Wednesday, November 9, 2011

Can you ever really know someone?

I used to think that I could read people well, especially the men in my life. You talk with someone intimately for enough time and you get to know them really well. You live with them for long enough and you know them even better. Spend a lifetime with someone and you really begin to think you know them inside and out. But do we ever truly know someone? We all have walls that we put up, walls that we hide behind, even the most open among us have these walls. I like to think I'm about as open and honest as you can get, and yet there are parts of me that are saved just for me.

If you're like me and watch a lot of true crime shows, you would've heard countless times that the people closest to some pretty sick individuals really had no idea there was this side to them. I was watching this show the other day, "The Devil I Know", I think it was. There was this woman who was married to this sweet and gentle man. He wasn't perfect, but seemed as normal as the next person. It turns out he was a serial killer who preyed on young women. His wife and step daughter really had no idea. There was a time when I would have thought the woman had to be pretty darn stupid, but not anymore.

All we ever really know about anyone is what they let us see of them. Some people hide more than others, but we all hide something. I think it's necessary to keep certain parts of ourselves where no one else is allowed, it keeps the sense of self. And let's face it, if most of us shared every single part of us with the world, we'd likely be institutionalized.

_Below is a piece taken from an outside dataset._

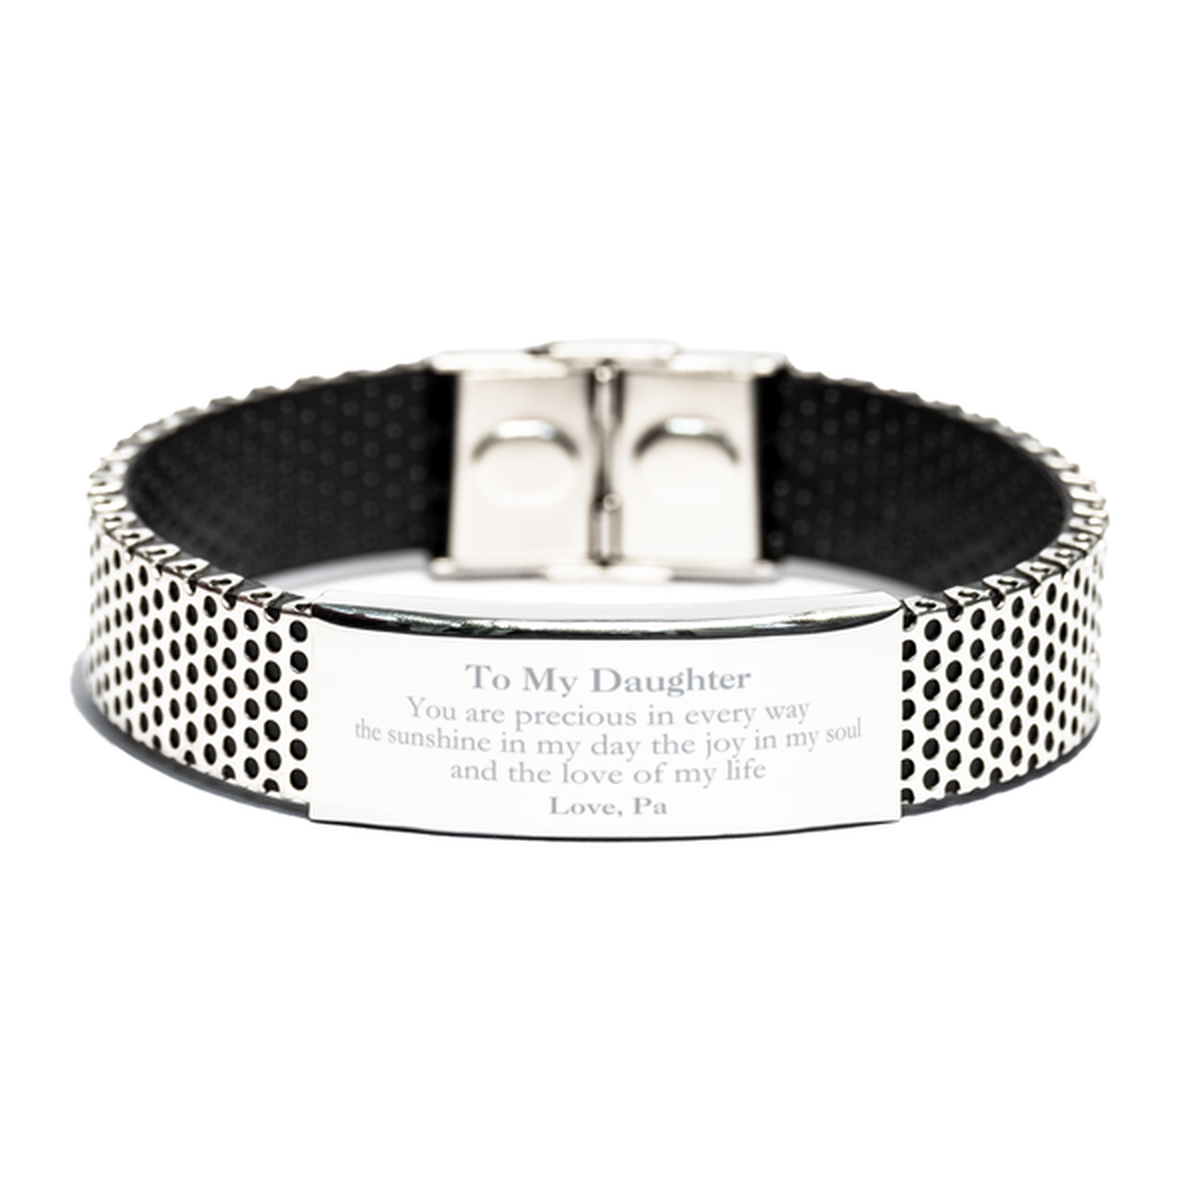 Graduation Gifts for Daughter Stainless Steel Bracelet Present from Pa, Christmas Daughter Birthday Gifts Daughter You are precious in every way the sunshine in my day. Love, Pa
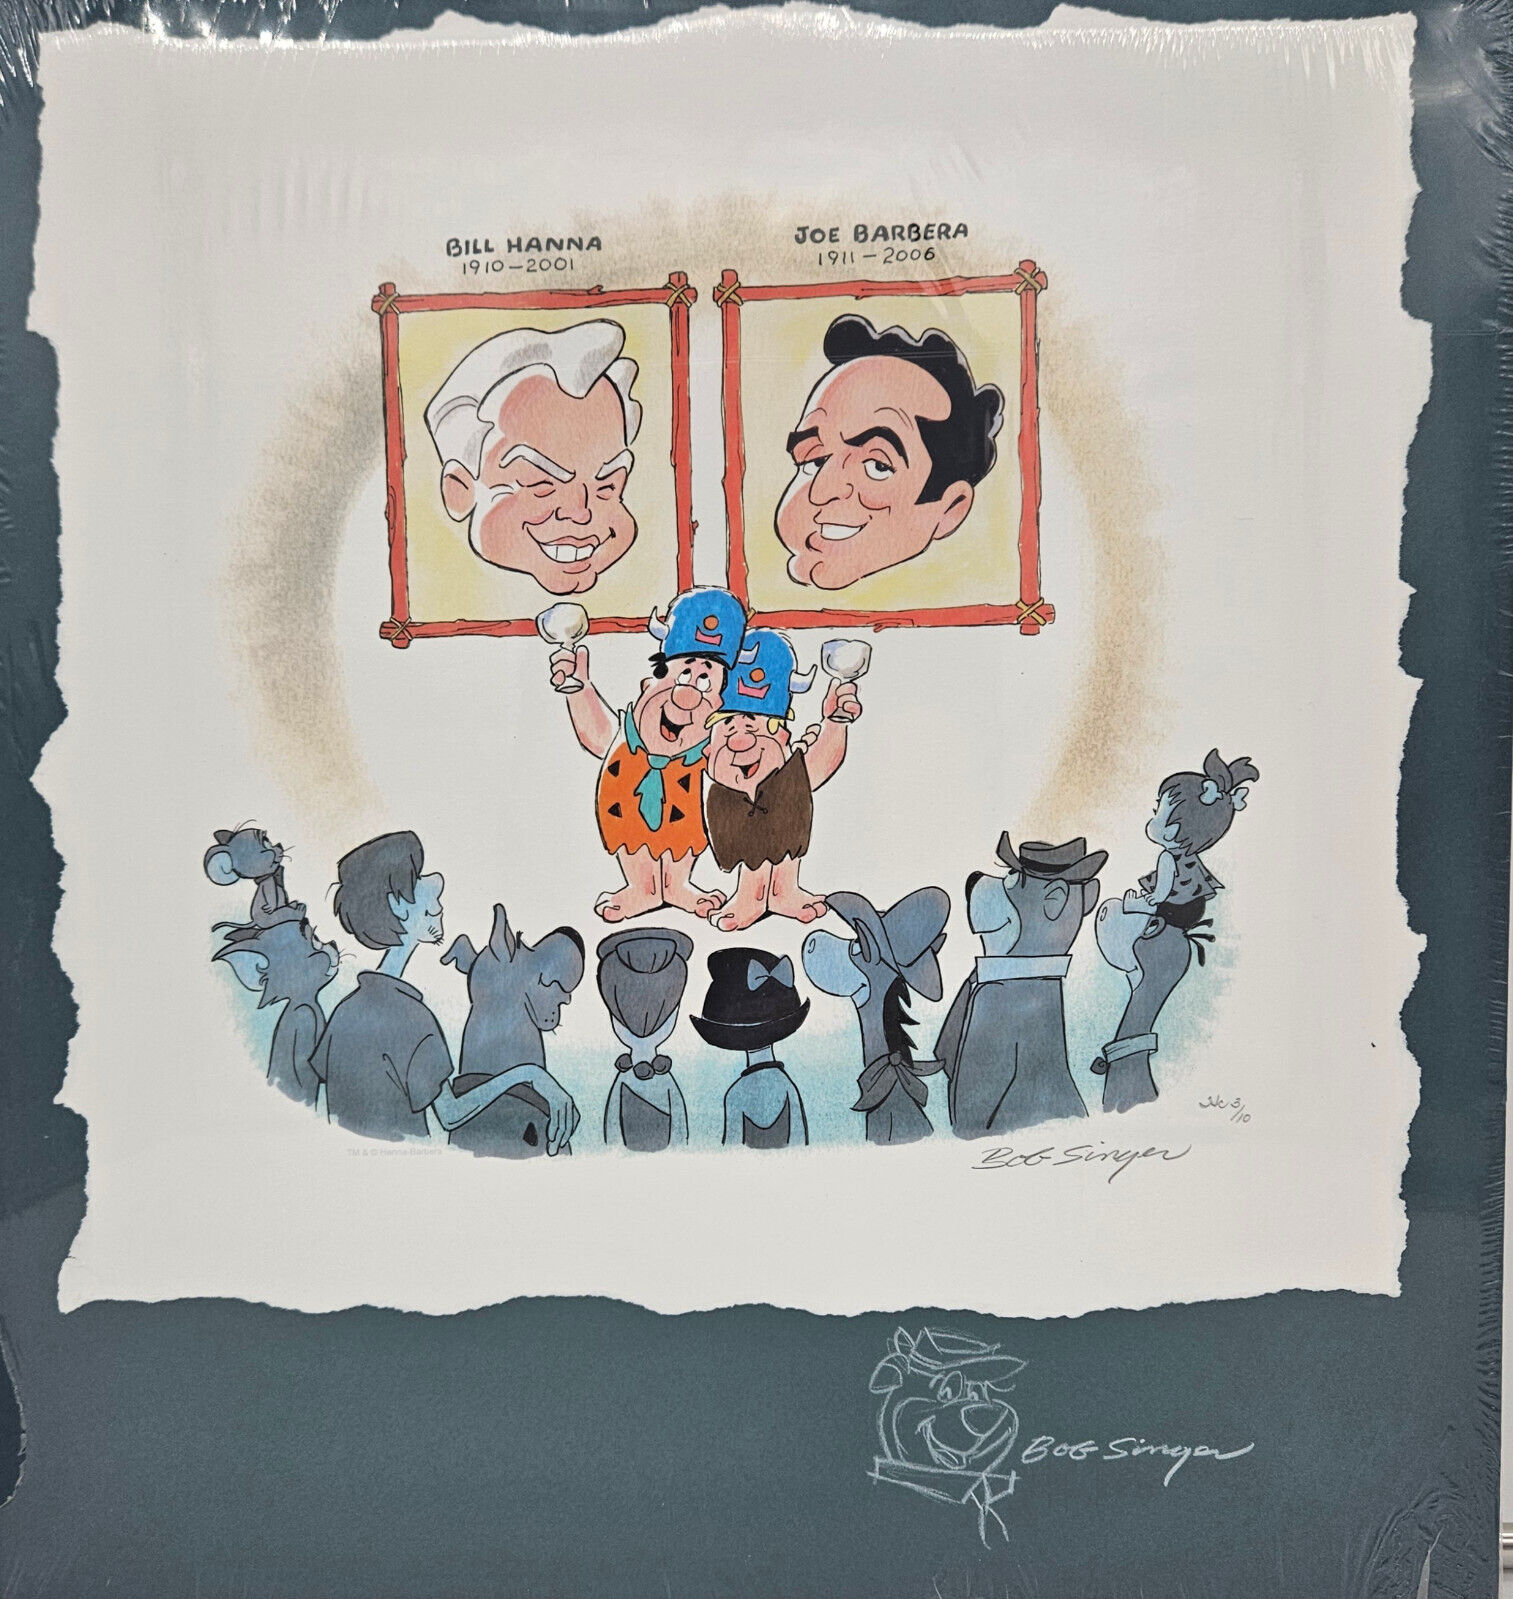 Bill Hanna/Joe Barbera Tribute Giclee On Paper Signed+Remarked by Bob Singer

There are some things that can alert us to what a person is truly like, the warning signs. But for one reason or another, usually being in love, we talk ourselves out of those warning signs. Being in love is a heady experience, I know, I've been there a time or two, thought I was in love even more times than I care to admit. Even worse, and it's usually us women who do this, we see the warning signs but think we can change this flaw we've seen in a man. I never went into any relationship with a man thinking I could change him. I was one of the ones who saw warning signs and talked myself right out of them. I'm sure many of us have. There's truth in the old adage, "love is blind." I like to people watch, particularly those in romantic relationships. Ever seen someone you know who is in love with totally the wrong person for them but they can't see it because they're in the height of being in love? You can see it's a train wreck waiting to happen. Even if you said something they likely wouldn't listen to you anyway. It would be great if we could step outside of ourselves and see the other person we're in love with the way that others do, wouldn't it? No, most of us walk around like we're on crack when we're in love, blind to the bad part of it and only wanting the high of it all. Despite having been burned by not really knowing someone many times, I still wouldn't want it any other way. I choose to believe that most of us are basically good and we shouldn't let the few bad ones color our view of the good ones. Besides, if you truly never know someone completely, you'll spend a lifetime of learning about them. Like anything else in life, sometimes there's sorrow that comes from being in love with the wrong person. But there's a lot of joy in getting to know someone.